Typically, when an employer receives a denial on an employee’s petition, such as an H-1B extension or L-1 extension, the most expedient and reliable strategy is for the employer to refile from within the U.S., if the employee’s previous status is still valid, or to have the employee depart the U.S. while the employer refiles the petition.

At this time, with numerous travel bans in place, an entry ban on immigrant visa applicants and new restrictions that include the suspension on entry of H-1B and L-1 visa seekers abroad as of June 24, employers should think twice before advising, as a strategy, that an employee leave the U.S. while their petition is refiled.

Since so many restrictions may affect reentry, and since the possibility of additional restrictions exists, employers need to reexamine their traditional approach to a U.S. Citizenship and Immigration Services denial. Employers that want to challenge a denial are left with the following three options.

  • Motion to Reopen. An employer may file a motion to reopen with the USCIS office that issued the denial decision when the employer believes USCIS incorrectly applied the law/facts or policy to the petition.
  • Motion to Reconsider. An employer may file this motion with the USCIS office that issued the denial decision when new facts or evidence is available to support the petition and overturn the denial.
  • Appeal. An appeal is filed when the employer wants to directly challenge the USCIS decision and seeks review by the Administrative Appeals Office, or AAO, using either or both of the reasons above.

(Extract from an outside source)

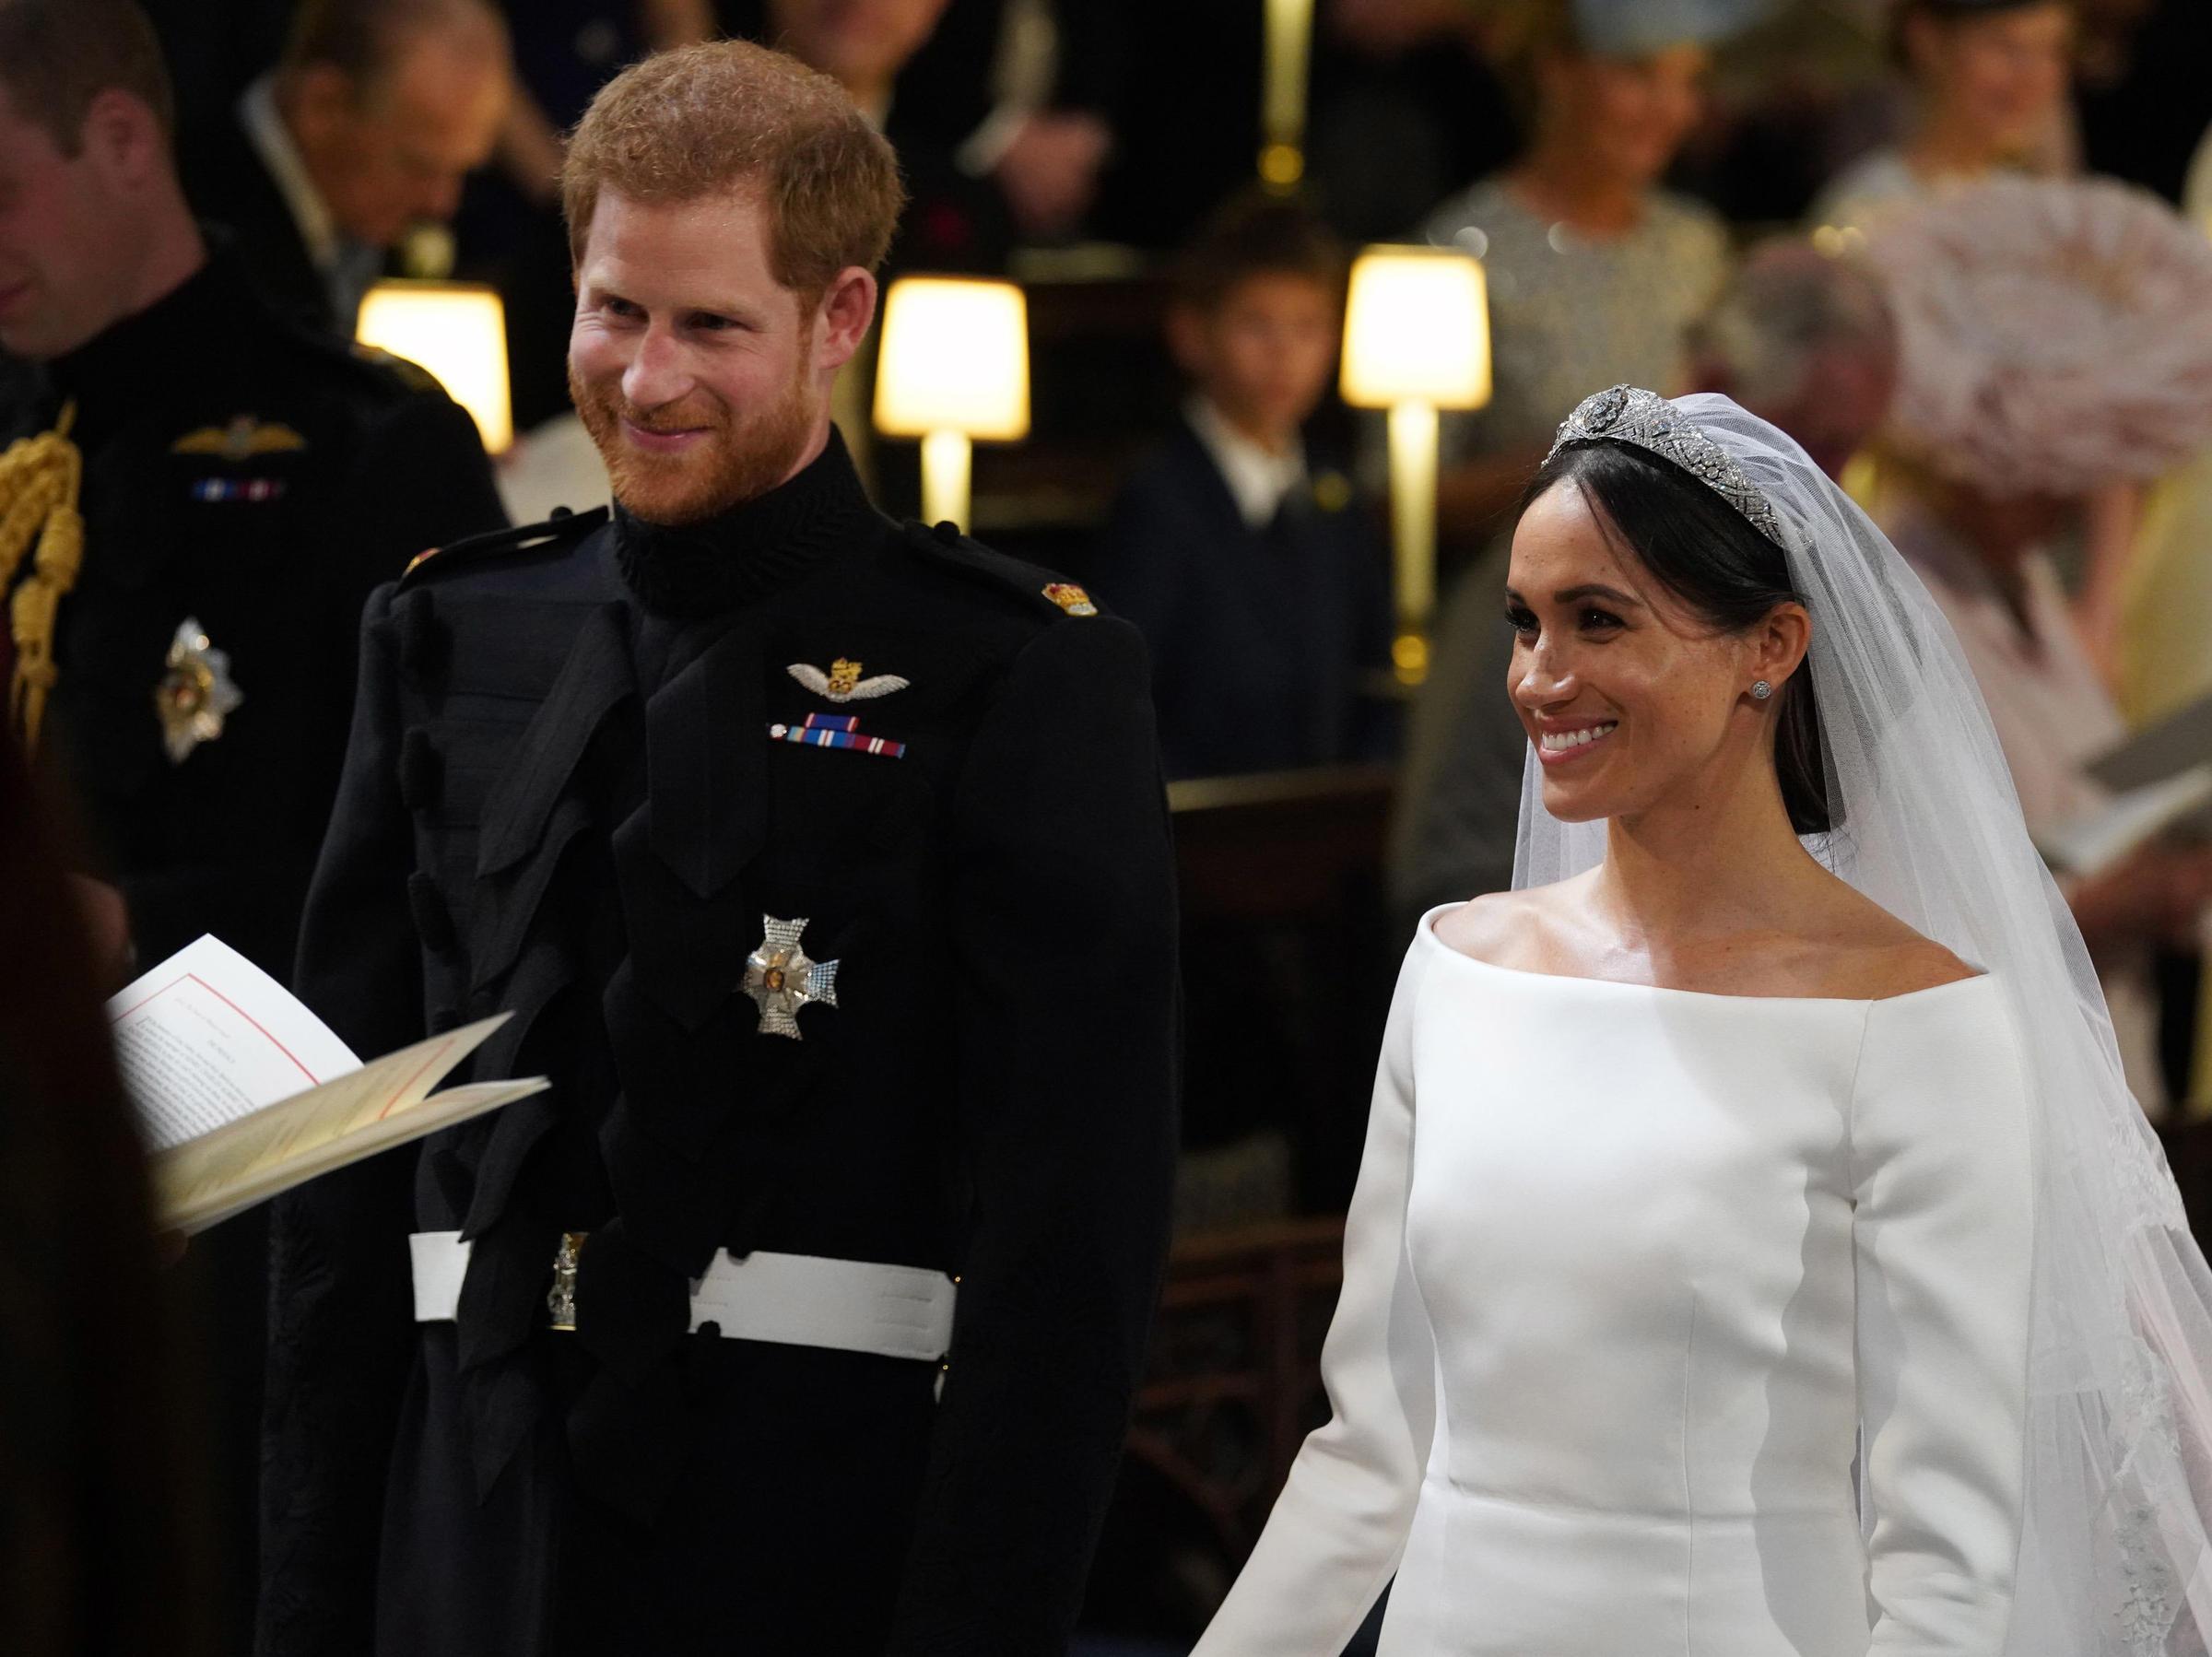 Prince Harry Wedding.Watch The Royal Wedding Of Prince Harry And Meghan Markle Kera News

Employers should carefully consider their choice, since they cannot pursue all options concurrently.

Most motions or appeals must be filed within 30 days of the denial notice by submitting Form I-290B, Notice of Appeal or Motion. A motion to reopen/reconsider is only sent to the USCIS office that issued the denial to see if it will overturn its original denial.

If the employer selects the option to appeal the decision to the AAO, they get two attempts at getting the denial overturned. If the appeal option is chosen, the case is first sent back to the USCIS office that issued the denial to see whether it will change its decision.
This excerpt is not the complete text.